- STORED DATA

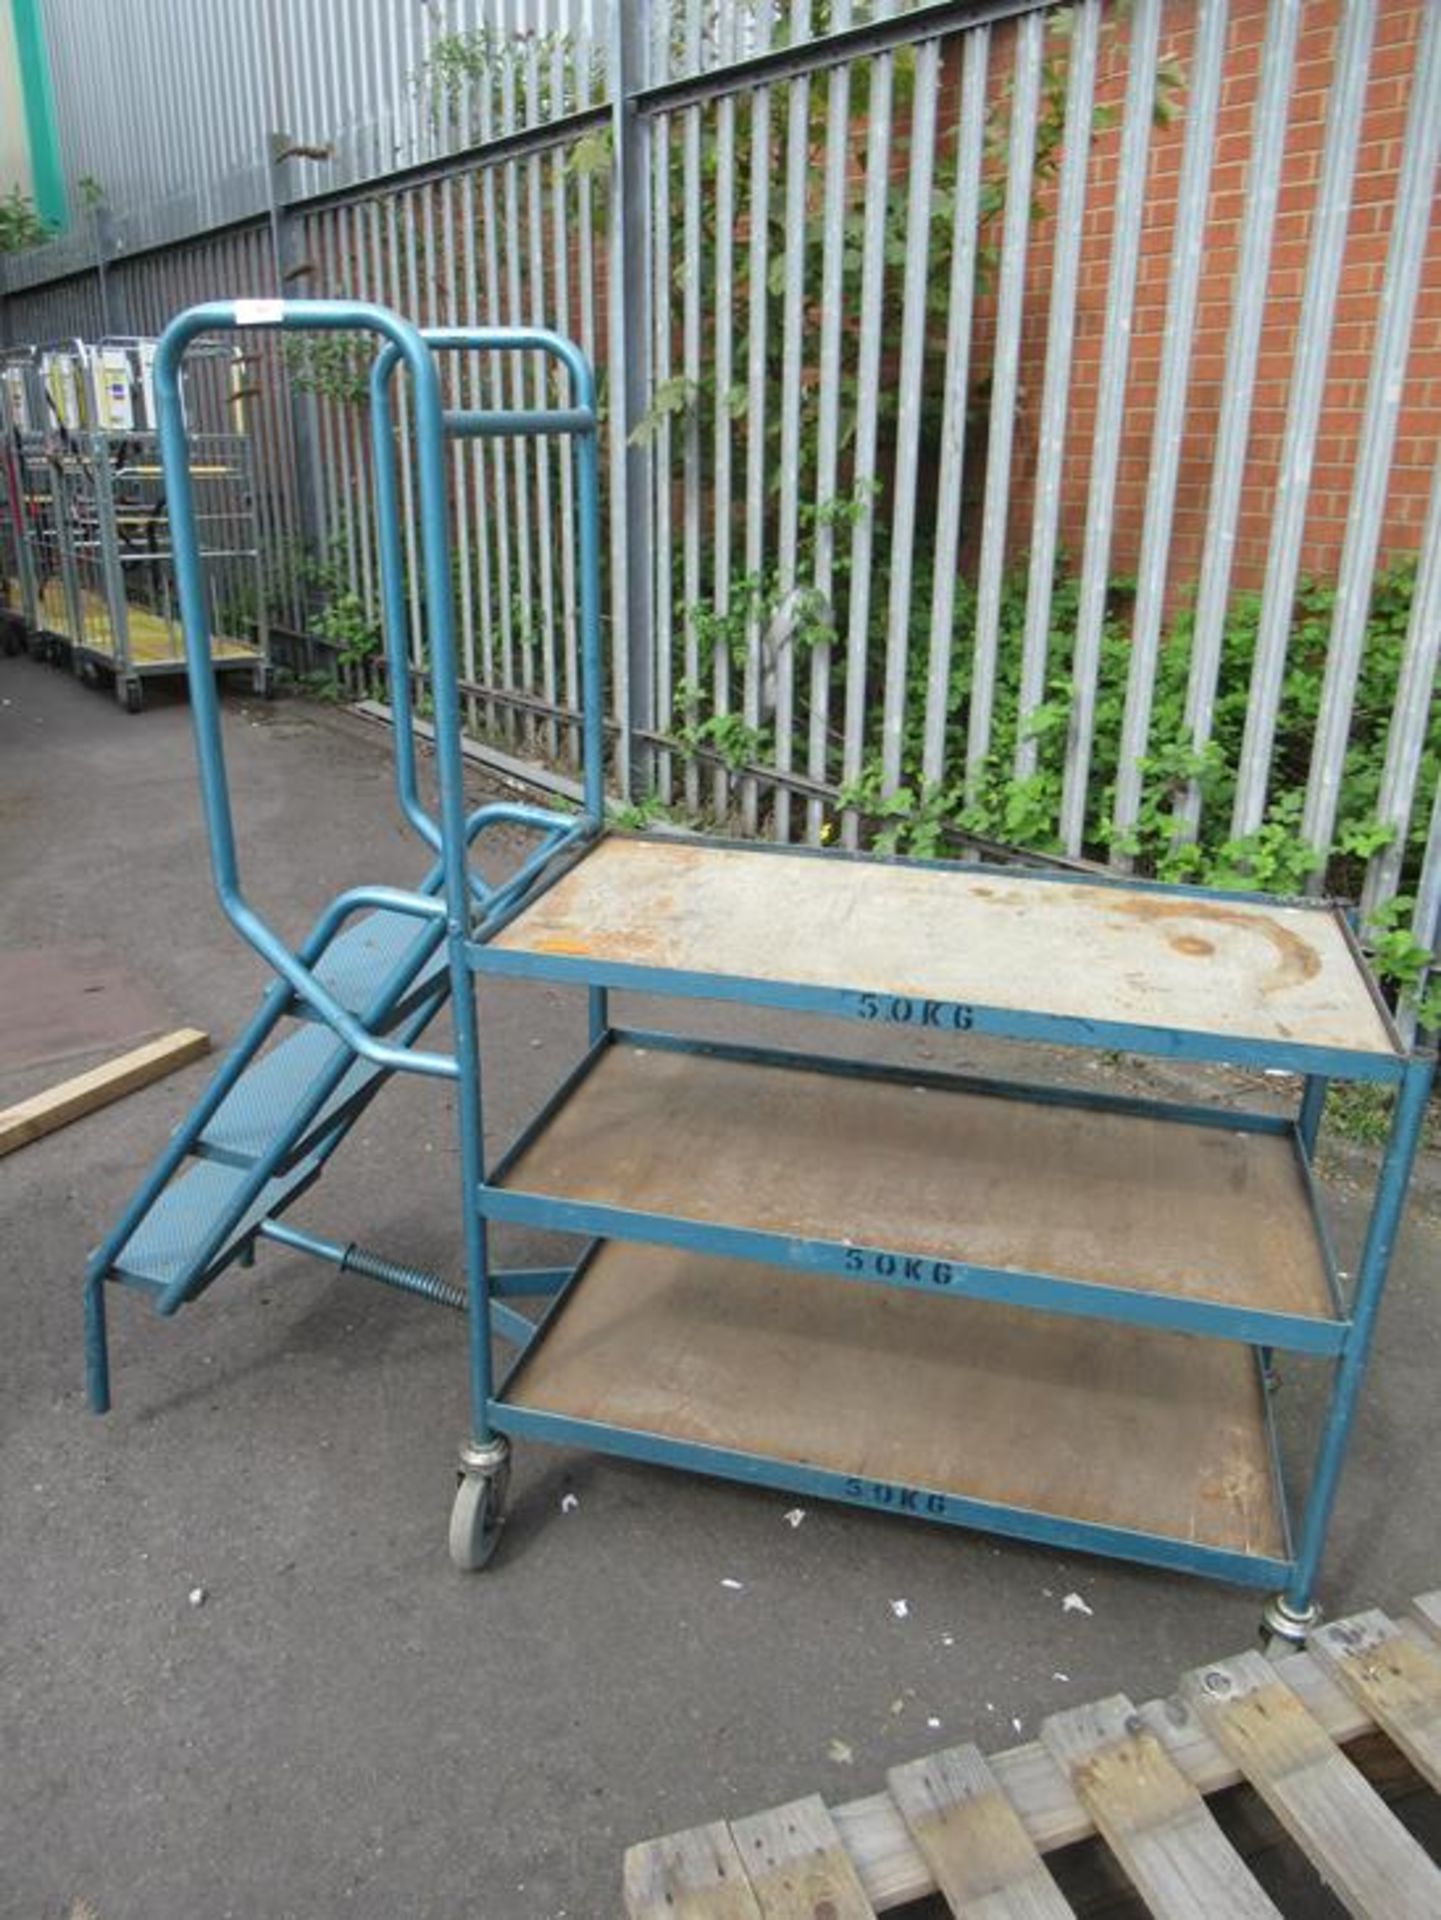 A 3 tier trolley with pull out steps and 2x metal framed tables
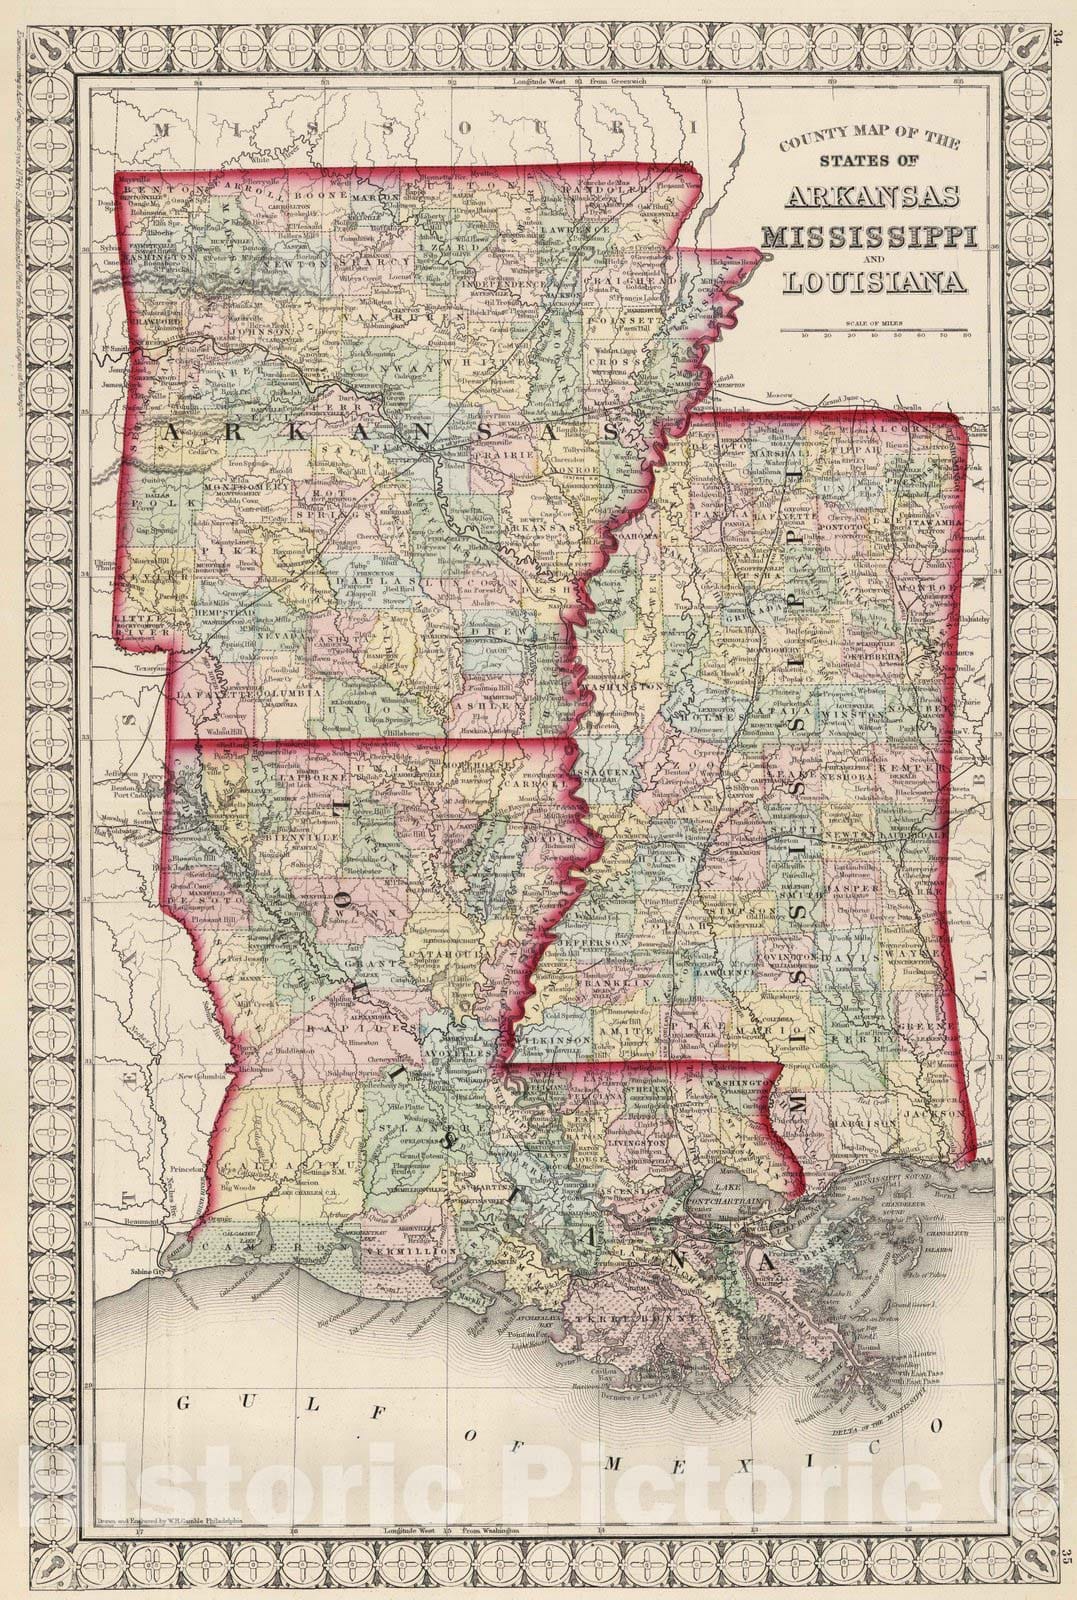 Historic Map : National Atlas - 1874 County Map of the States of Arkansas, Mississippi, and Louisiana. - Vintage Wall Art
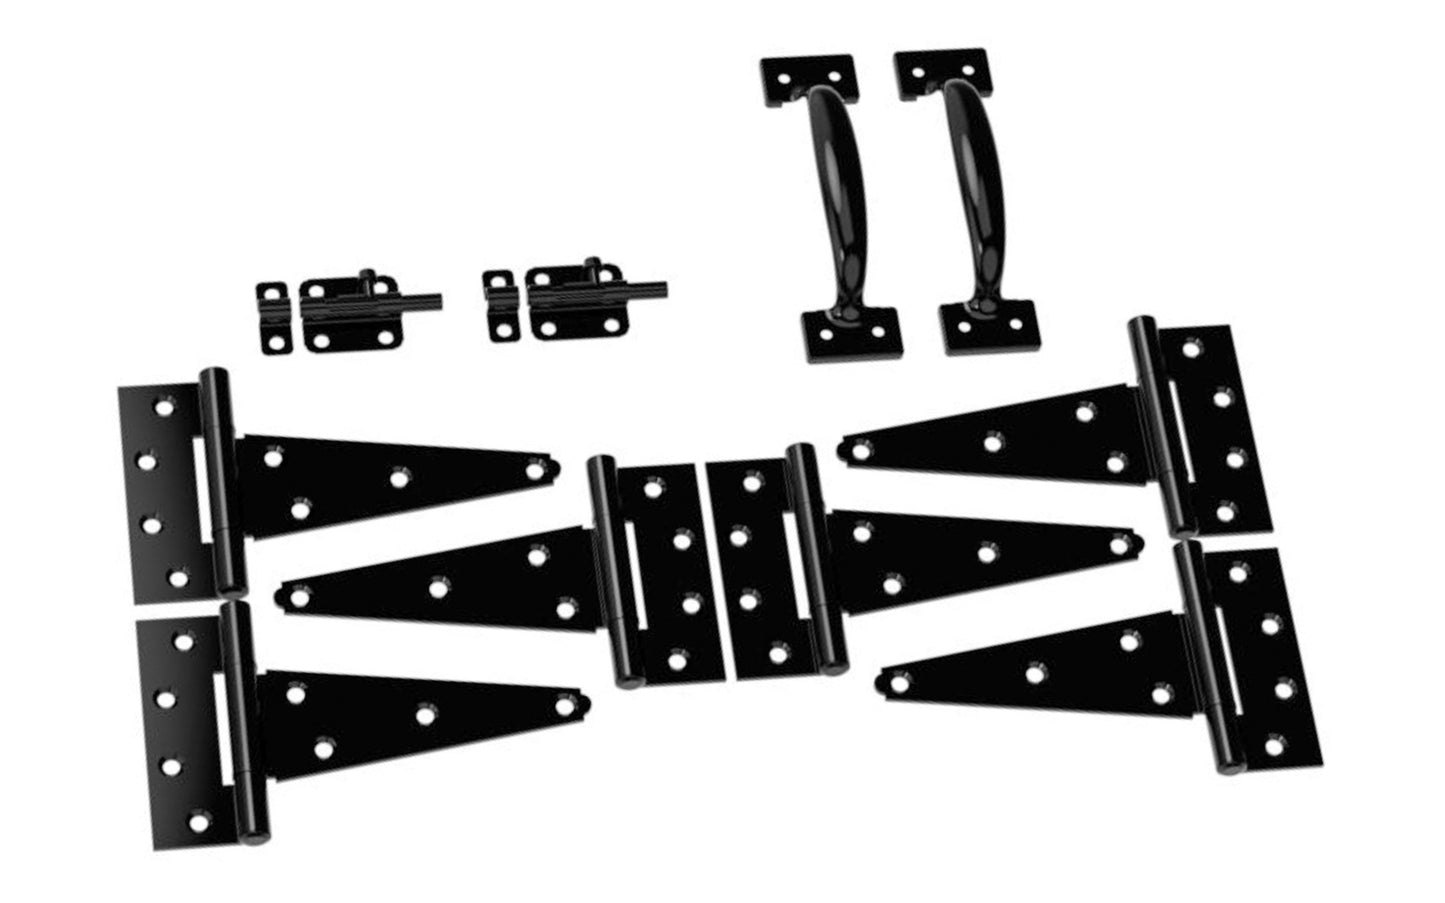 This Black Finish Shed Kit is used for replacing existing hardware on two shed doors. Black finish for style & durability. Mounting hardware included for easy installation. Kit includes (6) T-hinges, (2) Barrel Bolts, (2) Pulls & (1) Swivel Staple Safety Hasp. National Hardware Catalog Model N166-006. 886780029451
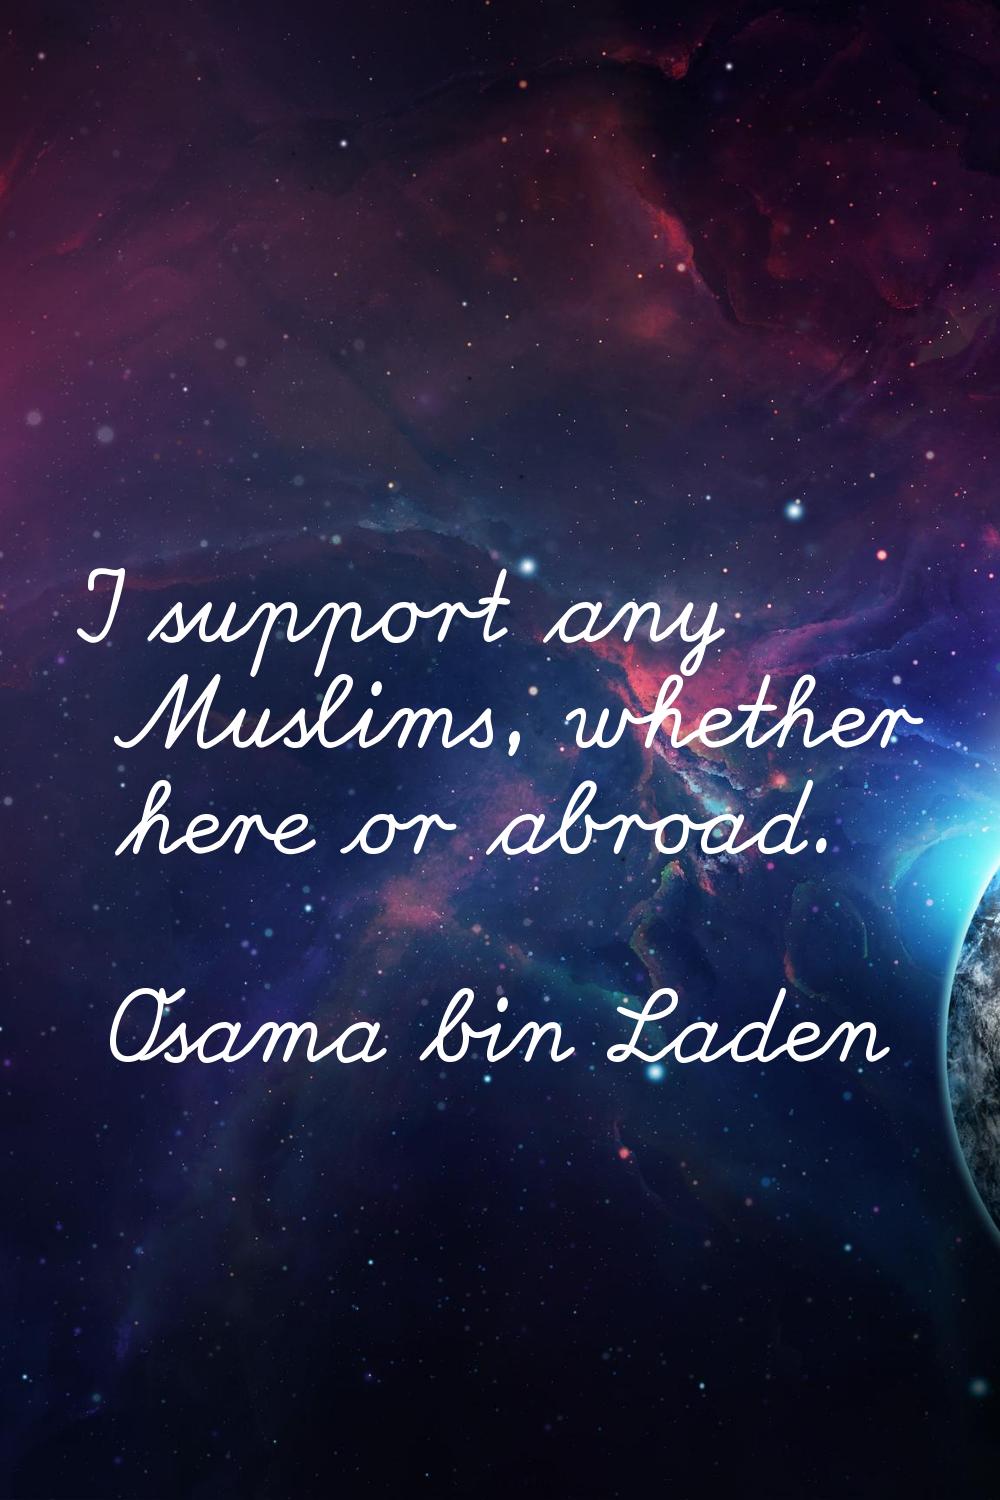 I support any Muslims, whether here or abroad.

- WHAT YOU NEED TO DO
Exclude the pictures and print the rest of the data exactly.

- TASK SOLUTION
 A 3 tier trolley with pull out steps and 2x metal framed tables
 Historic Map : National Atlas - 1874 County Map of the States of Arkansas, Mississippi, and Louisiana. - Vintage Wall Art
 This Black Finish Shed Kit is used for replacing existing hardware on two shed doors. Black finish for style & durability. Mounting hardware included for easy installation. Kit includes (6) T-hinges, (2) Barrel Bolts, (2) Pulls & (1) Swivel Staple Safety Hasp. National Hardware Catalog Model N166-006. 886780029451
 I support any Muslims, whether here or abroad.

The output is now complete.